Publishers of community newspapers like The Orange Leader have combined editions, gone wholly digital or published less frequently to trim costs. U.S. paper manufacturers have sought to produce other, more profitable products, largely leaving the newsprint market to the Canadians.

That would change if NORPAC gets its way. It wants tariffs of up to 50 percent imposed on its Canadian competitors.

Commerce is investigating and has imposed interim assessments on some Canadian manufacturers. Penalties collected are held in escrow, but the damage to U.S. publishers is underway.

The Commerce Department wants to protect U.S. manufacturers and U.S. jobs. The greater likelihood is they will cause layoffs in the publishing industry as well as to companies that do business with publishers as publications cut back to pay anticipated higher newsprint costs.

Nor will American manufacturers resume their newsprint production. That takes many years to build a mill and prospects for profit are poor.

Fortunately, a bipartisan group of U.S. senators — seven Republicans, two Democrats and an independent — are promoting legislation, the “Protecting Rational Incentives in Newsprint Trade” Act of 2018, which would suspend new tariffs on the Canadians. U.S. Sen. Susan Collins, R-Maine, called the tariffs “crippling” to U.S. publishers already operating on “razor-thin” margins.

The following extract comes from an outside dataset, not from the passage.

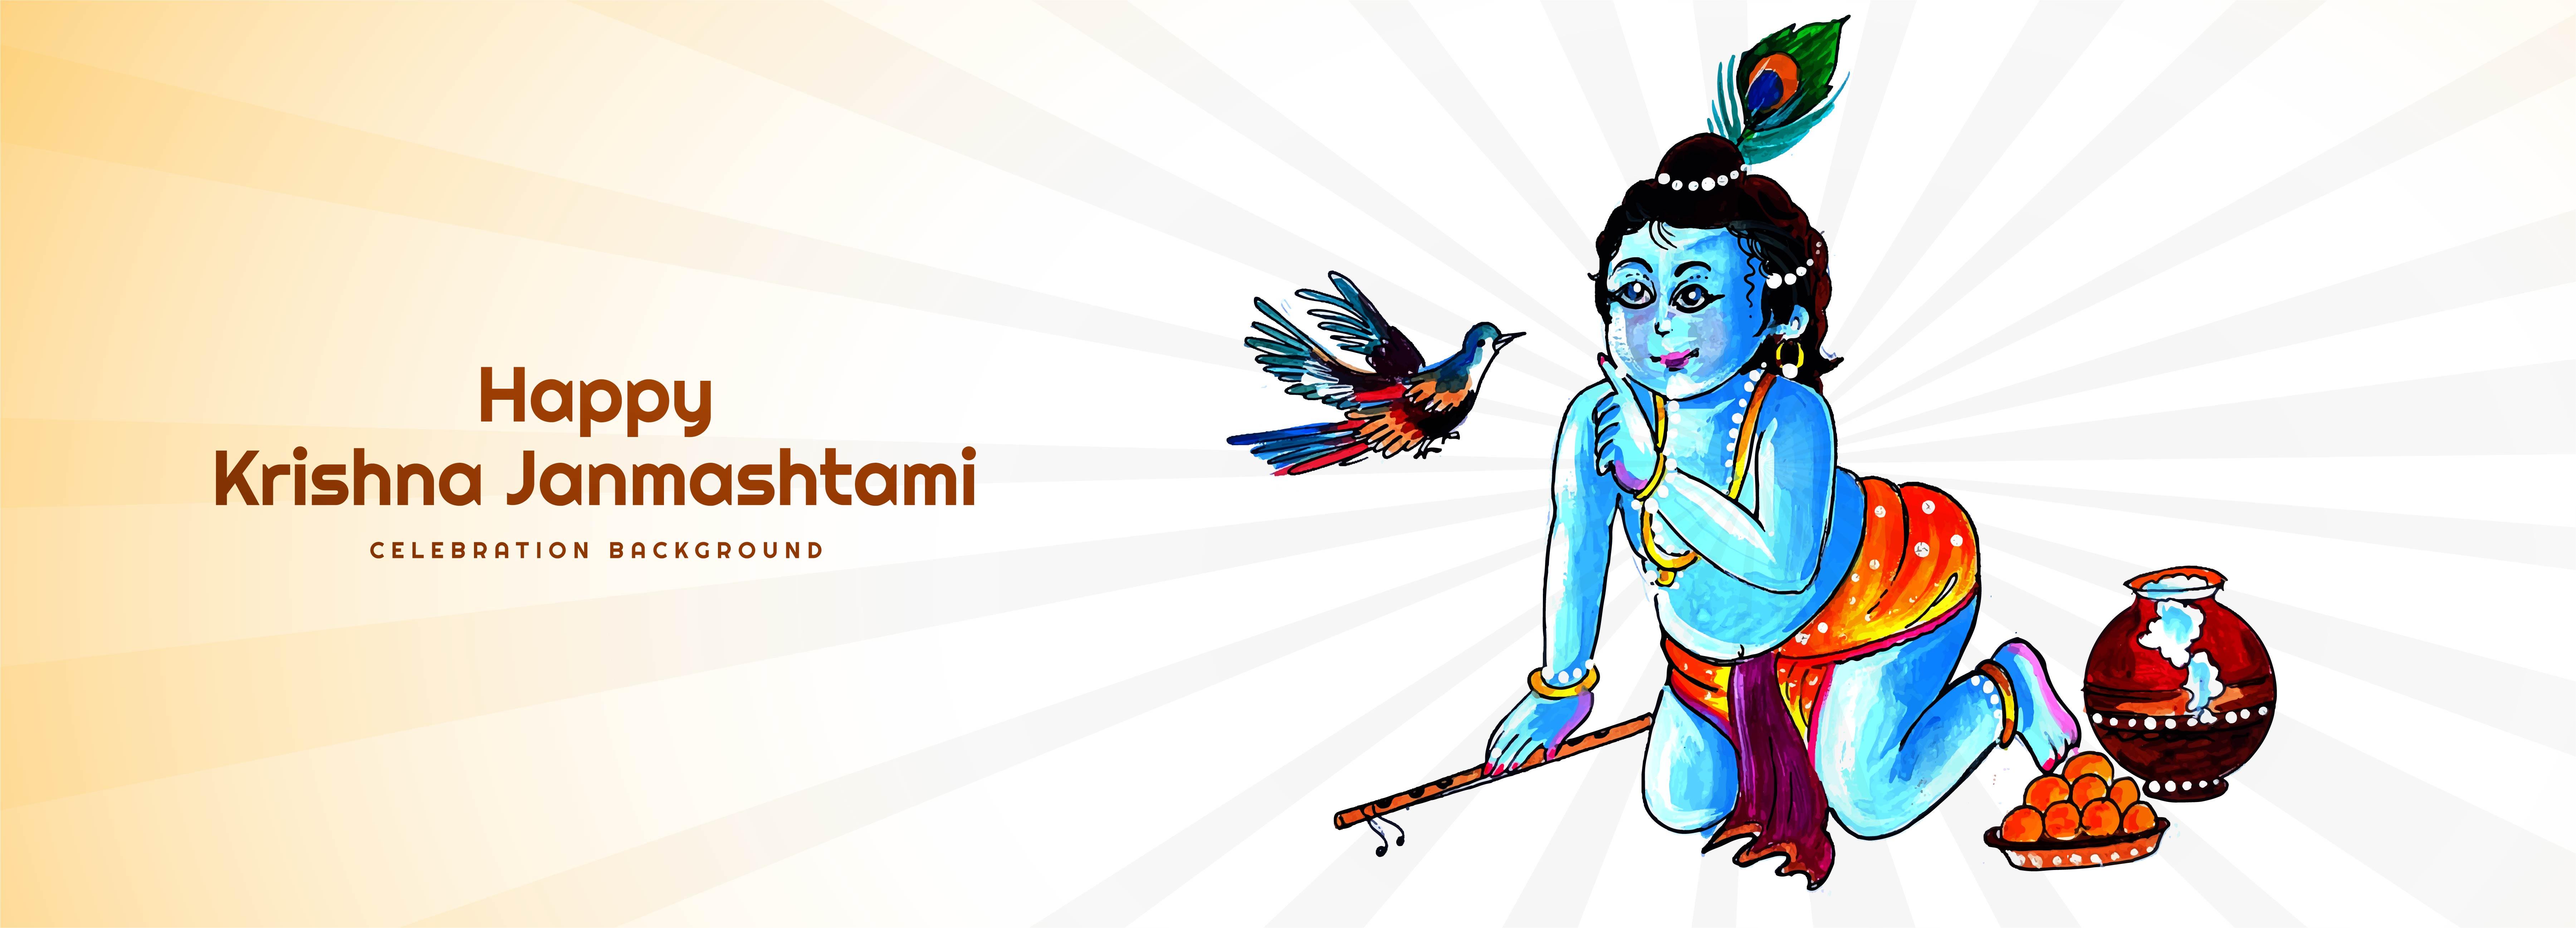 banner de tarjeta de festival de señor krishna y pájaro janmashtami
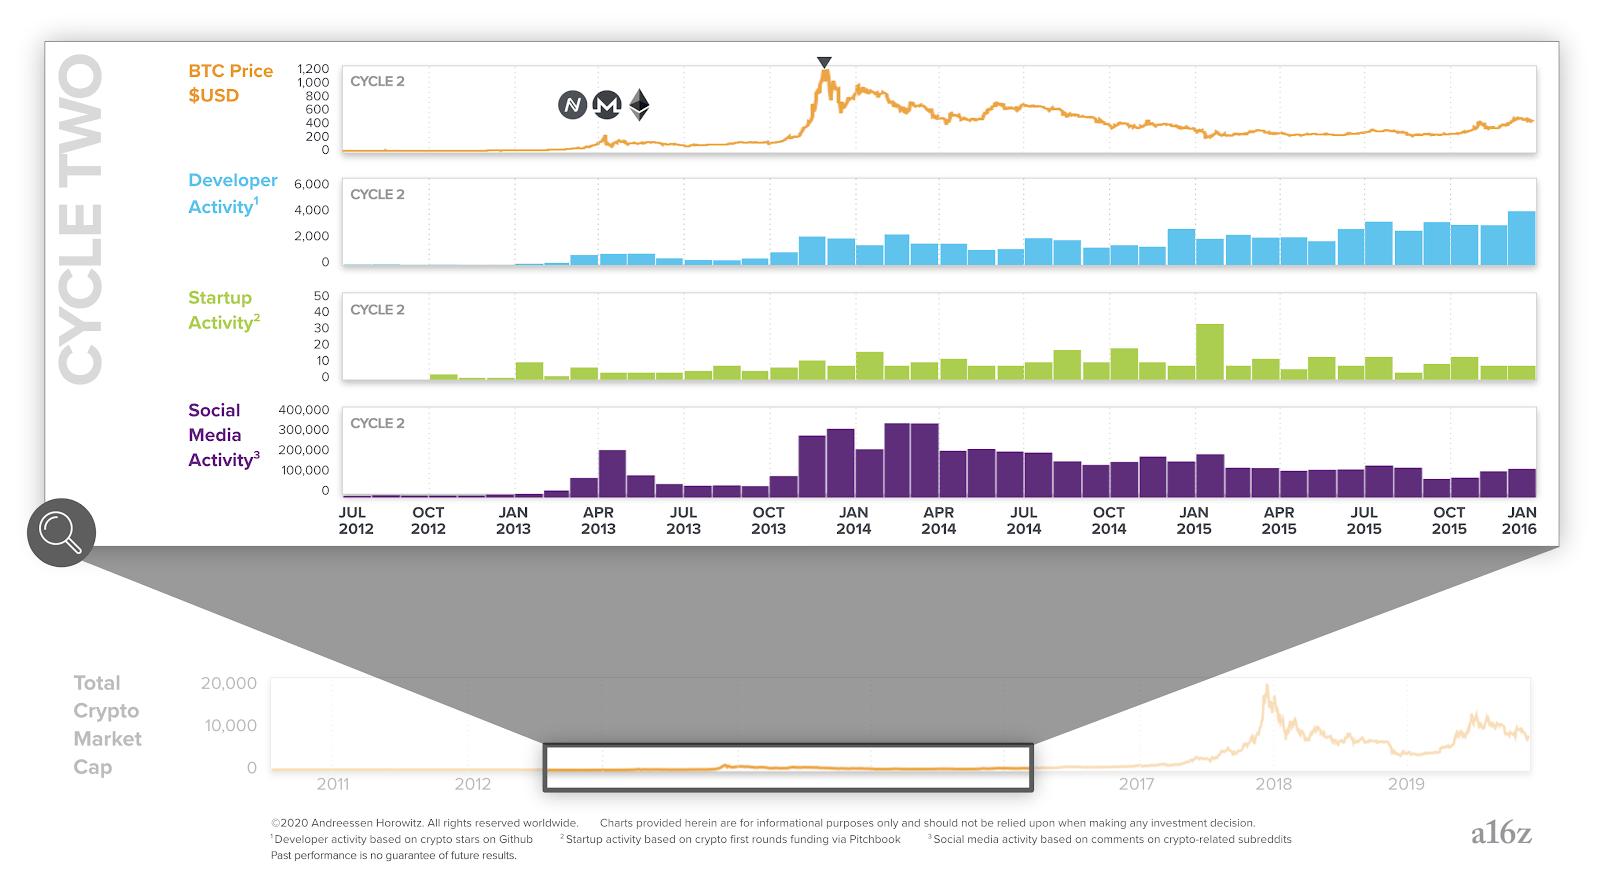 График второго цикла крипто-индустрии (2012−2016 годы)

The jobs are important, Collins and her cohorts said. But so is the dissemination of news and opinion from community newspapers in Texas and around the country.

At this country’s outset, the Founding Fathers recognized the need for disseminating news, political news in specific, so that westward-moving settlers could be knowledgeable about their government. That’s why early American newspapers were distributed cheaply through the mail.

Collins and colleagues are championing a cause — disseminating the news — as old as the country itself. We urge their Senate and U.S. House colleagues from Texas — Sens. Ted Cruz and John Cornyn and U.S. Rep. Brian Babin— to join this movement.